▶ _Data for analysis_:

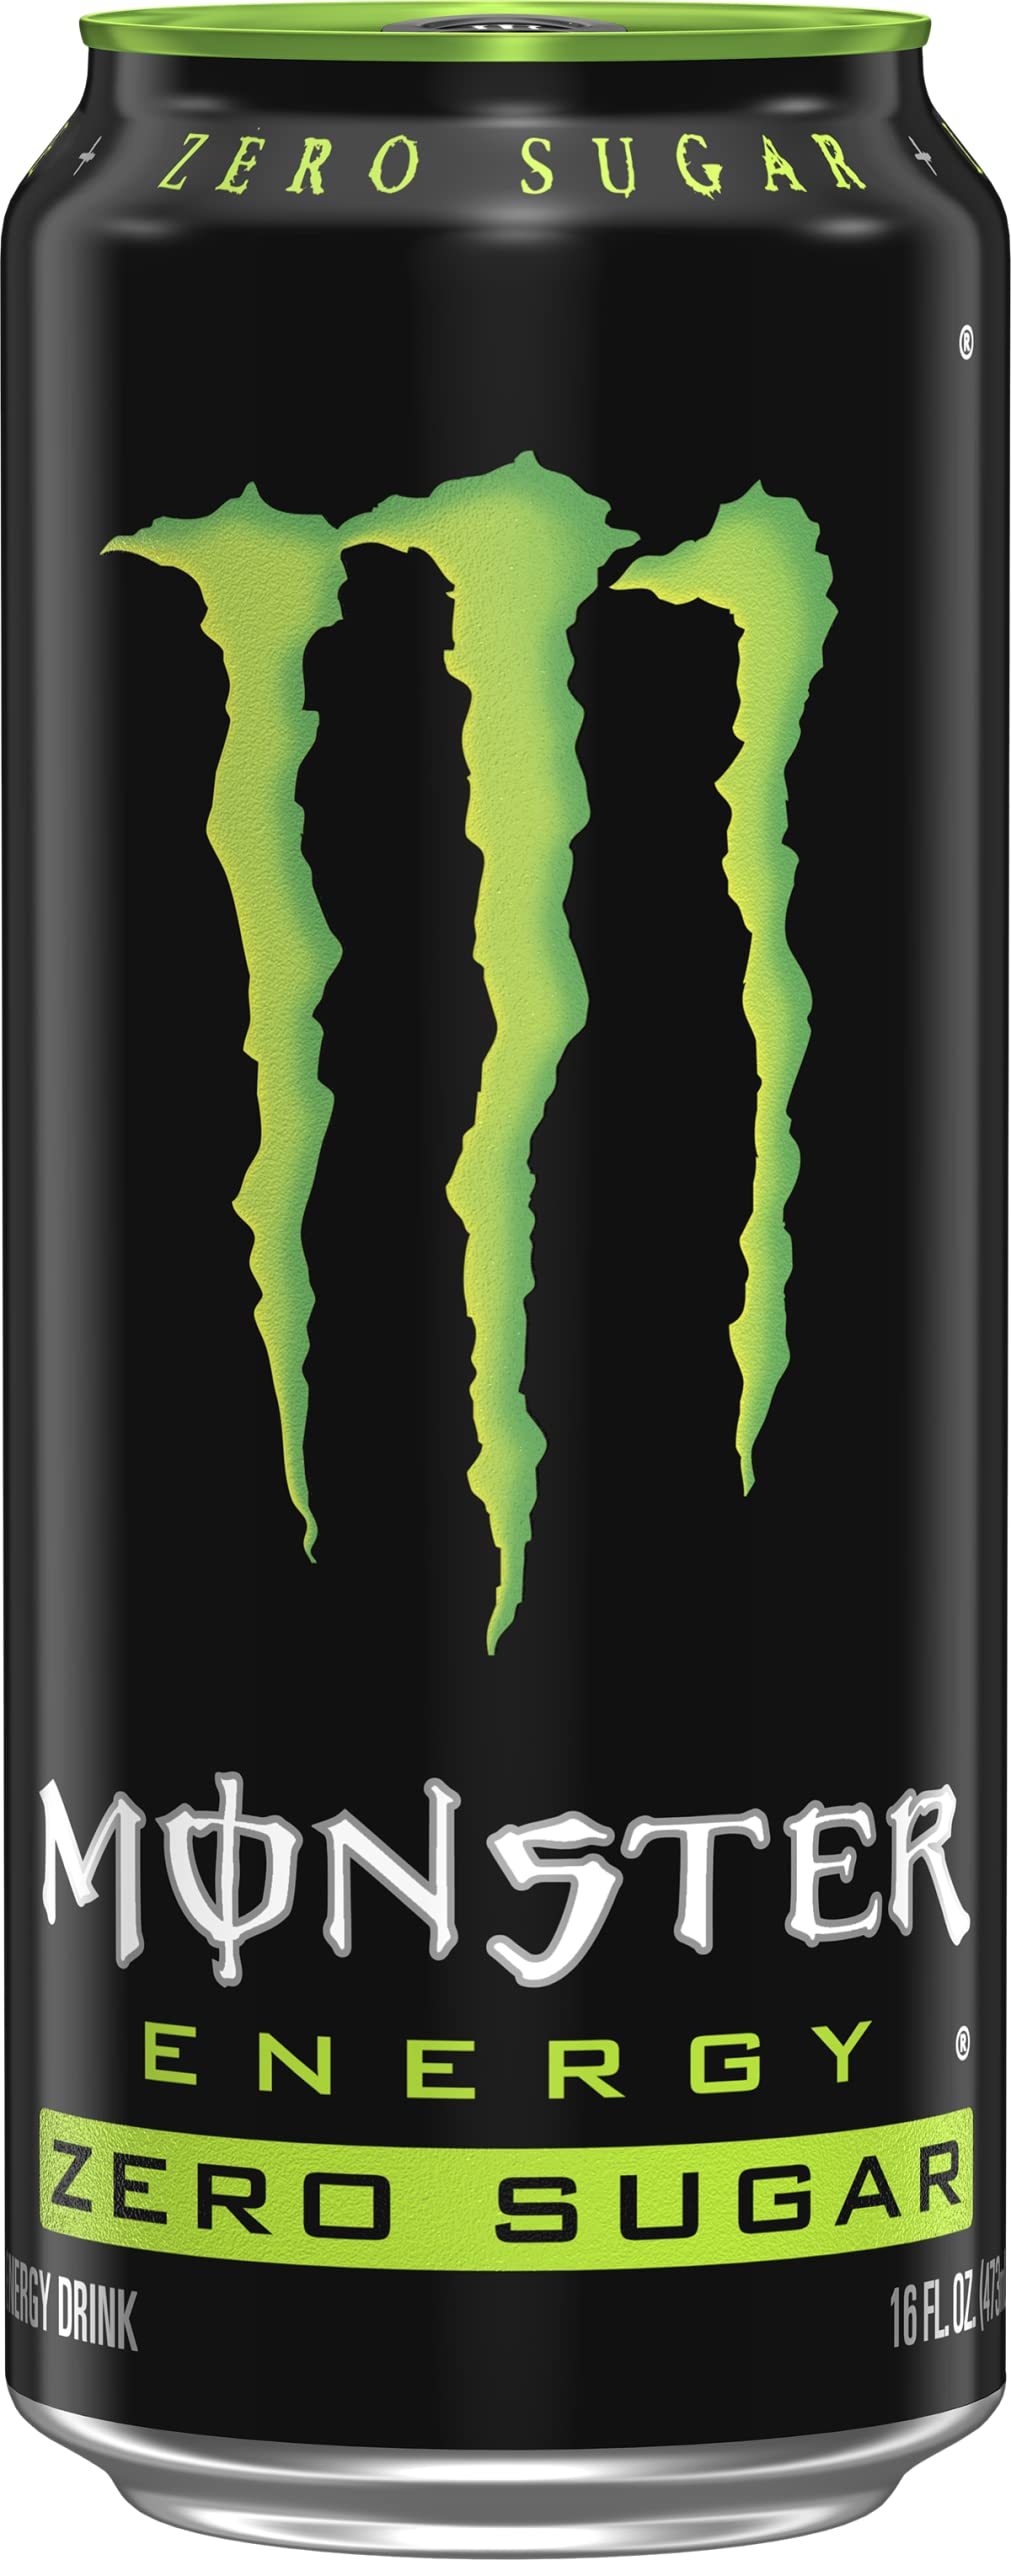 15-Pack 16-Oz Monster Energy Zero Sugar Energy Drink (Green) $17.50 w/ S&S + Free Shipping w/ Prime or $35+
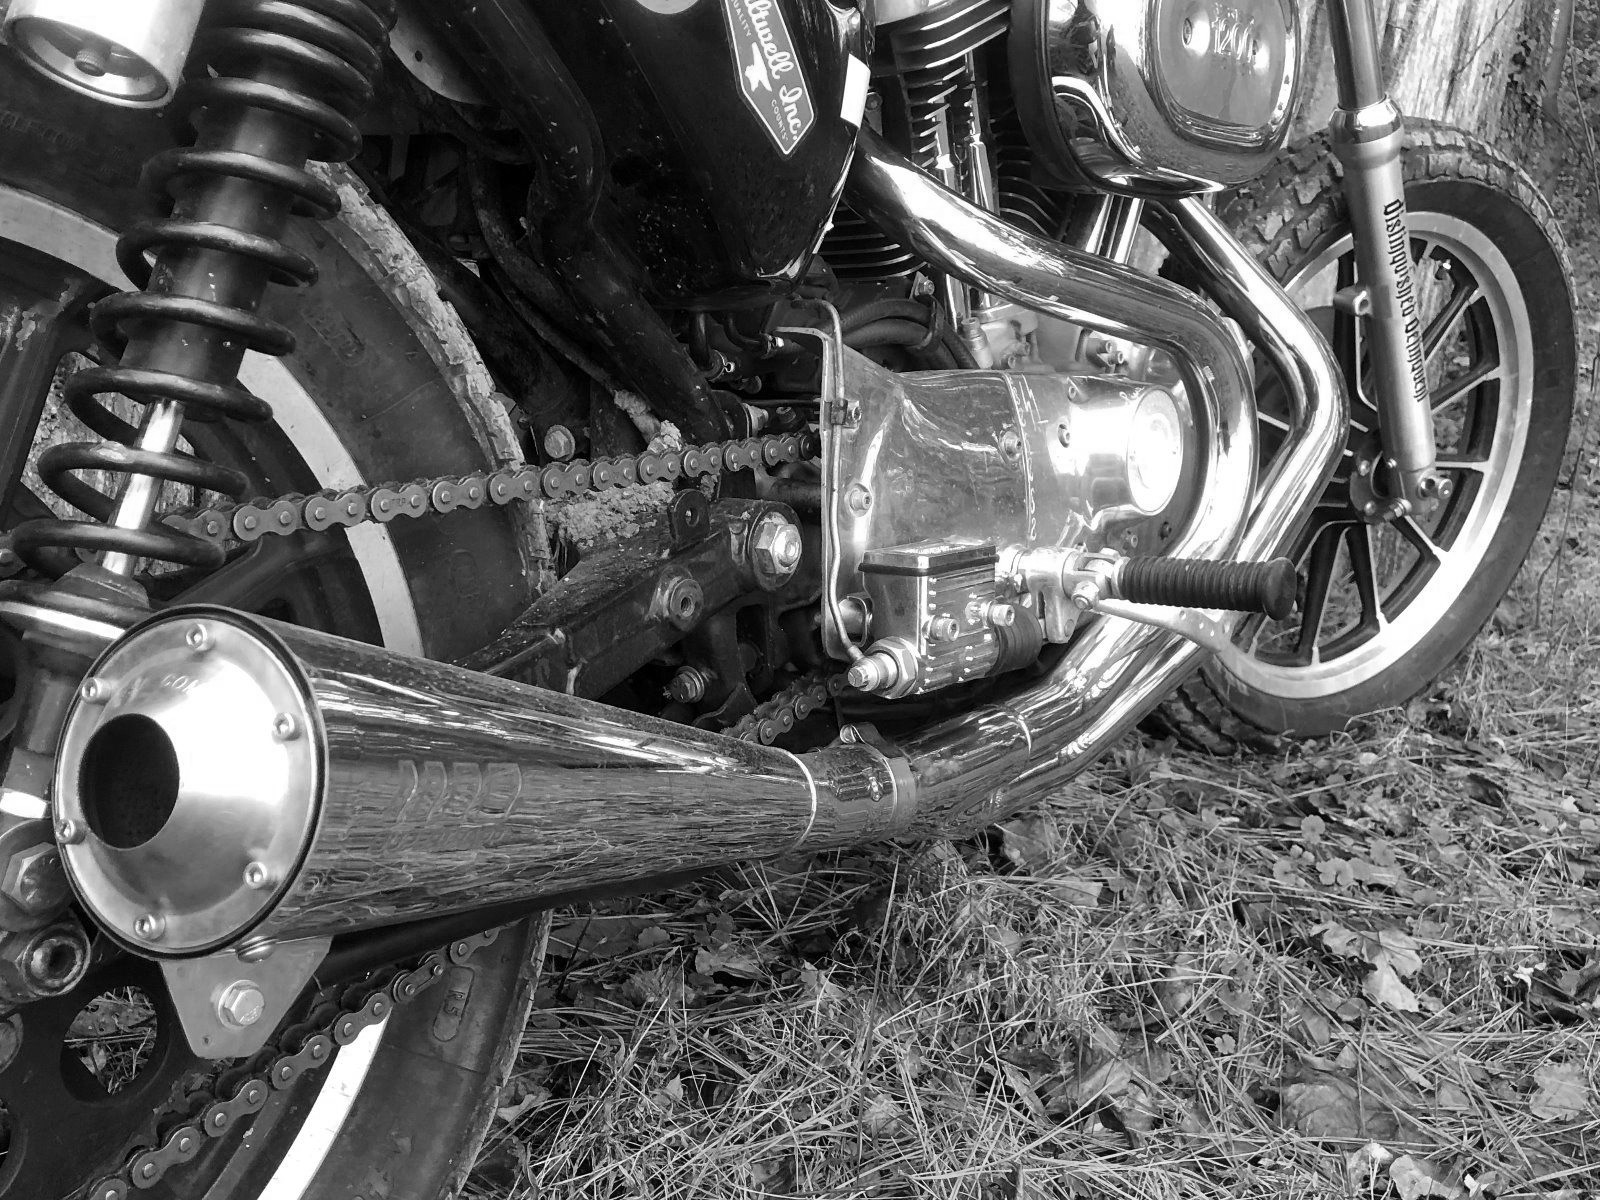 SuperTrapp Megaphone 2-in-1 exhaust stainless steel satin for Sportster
---
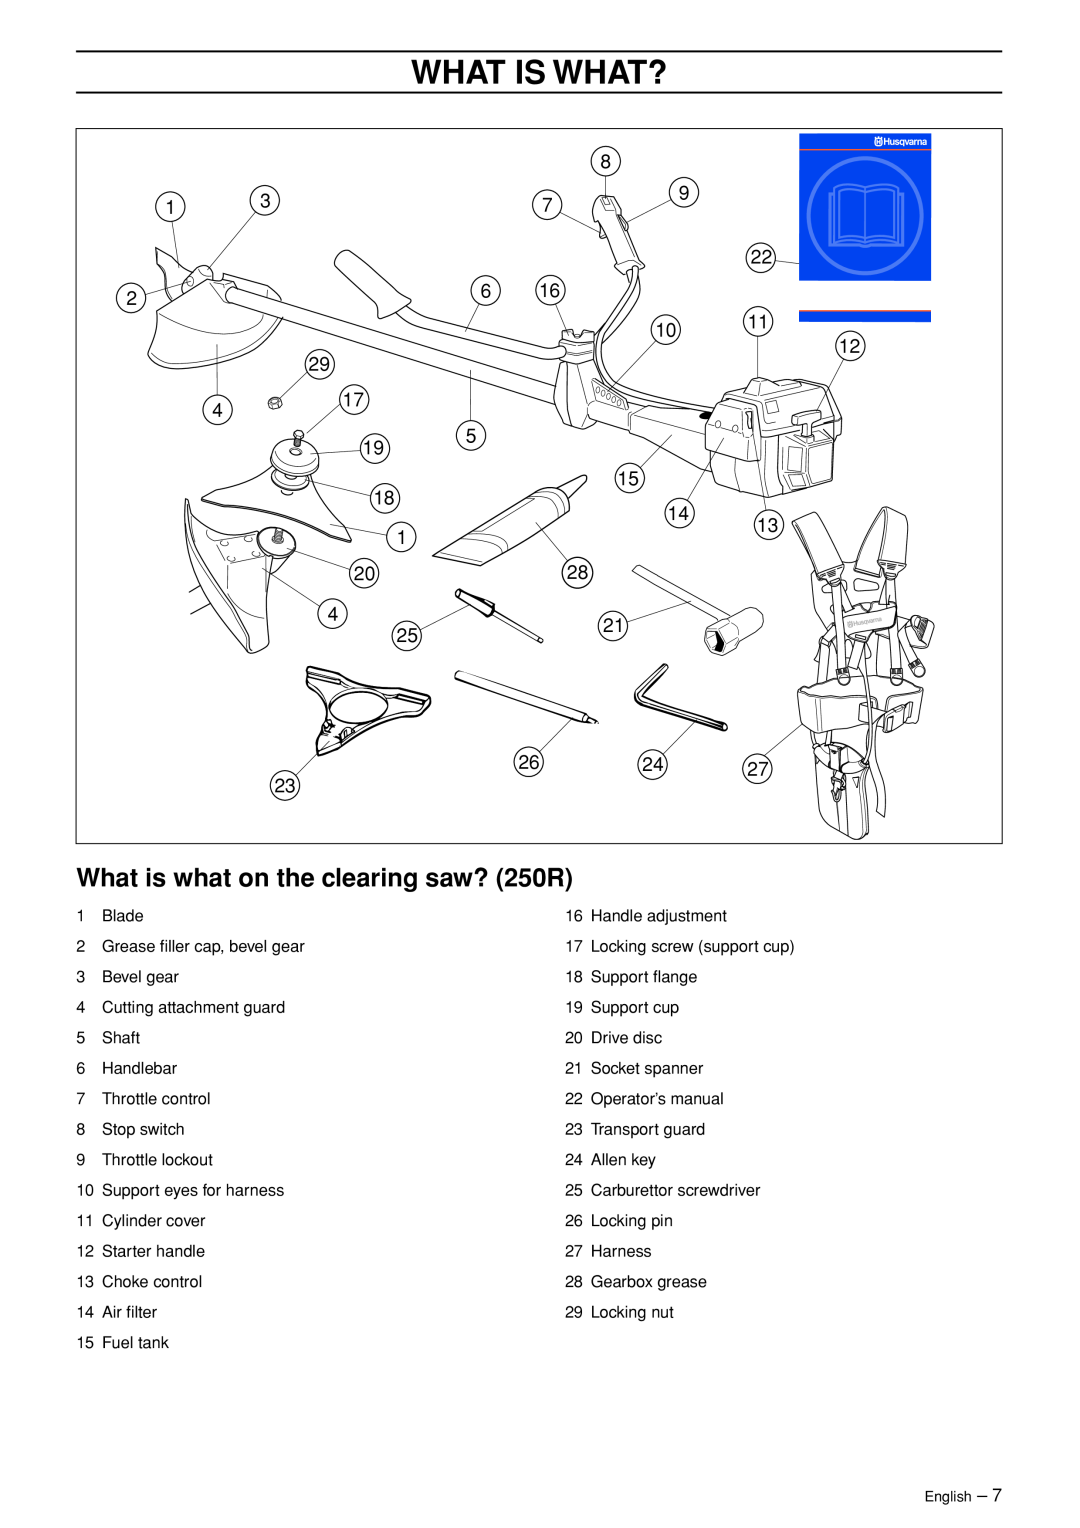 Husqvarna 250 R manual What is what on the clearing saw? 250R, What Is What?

▶ _Exercise brief_:
Starting at the line above that holds "15-Pack 16-Oz Monster", repeat every line exactly down to and including the line that holds "SuperTrapp Megaphone 2-in-1", then stop. Do not carry over any pictures.

▶ _Output for this exercise_:
 15-Pack 16-Oz Monster Energy Zero Sugar Energy Drink (Green) $17.50 w/ S&S + Free Shipping w/ Prime or $35+
 SuperTrapp Megaphone 2-in-1 exhaust stainless steel satin for Sportster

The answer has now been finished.